Experts agree that very low dose, continuous hormone contraception can prevent migraines without aura and should become the treatment of choice while women who have migraines with aura must be treated individually given the high risk of stroke and other challenges in these patients.
A survey of children and adolescents found pronounced fatigue and heightened moodiness as the most common premonitory symptoms, leading up to a migraine and allowing for caregivers to be ready with earliest possible treatment upon to avoid pain.
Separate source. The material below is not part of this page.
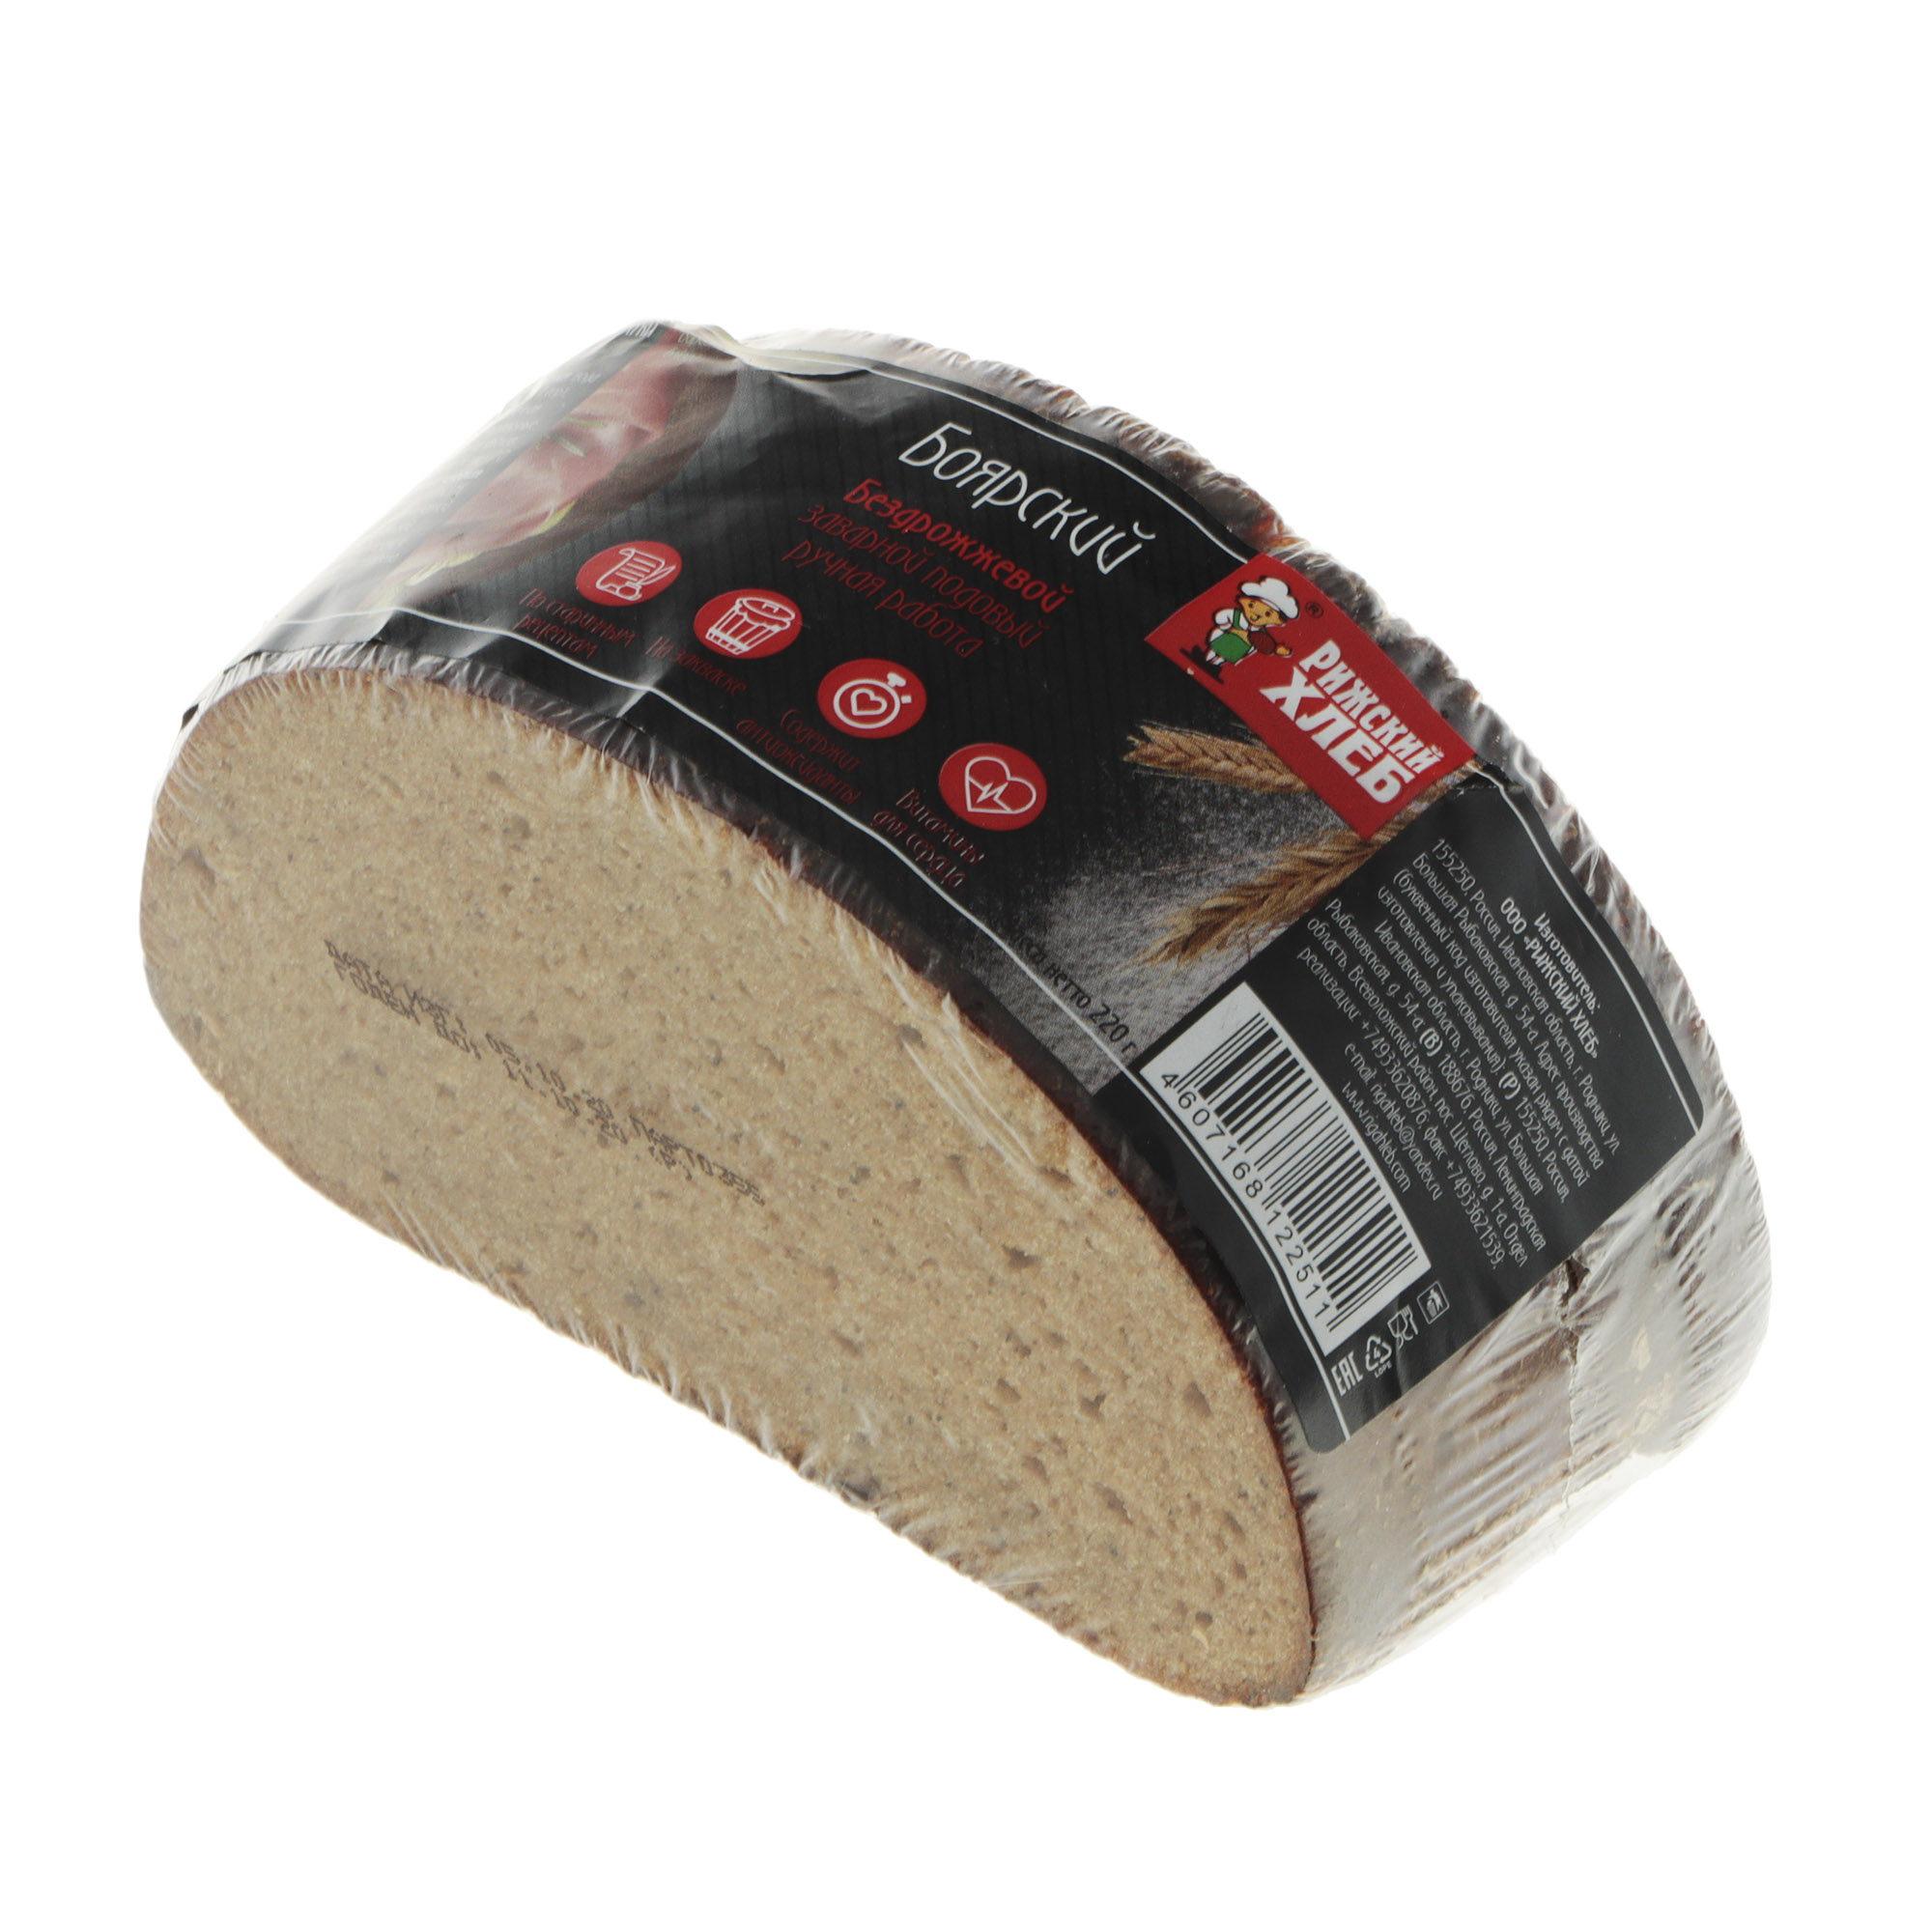 Хлеб Рижский хлеб боярский 220 г хлебцы ржаные цельнозерновые wasa 275 гр

Eptinezumab, a new investigational monoclonal antibody, promises to prevent chronic migraines by delivering rapid, long-lasting relief from a quarterly intravenous infusion.
Acute treatment of migraines are muted, more Ineffective in the presence of allodynia. Timing of taking aborative medication is essential—generally beginning about 30 minutes into the migraine to prevent allodynia from occurring and pain from worsening.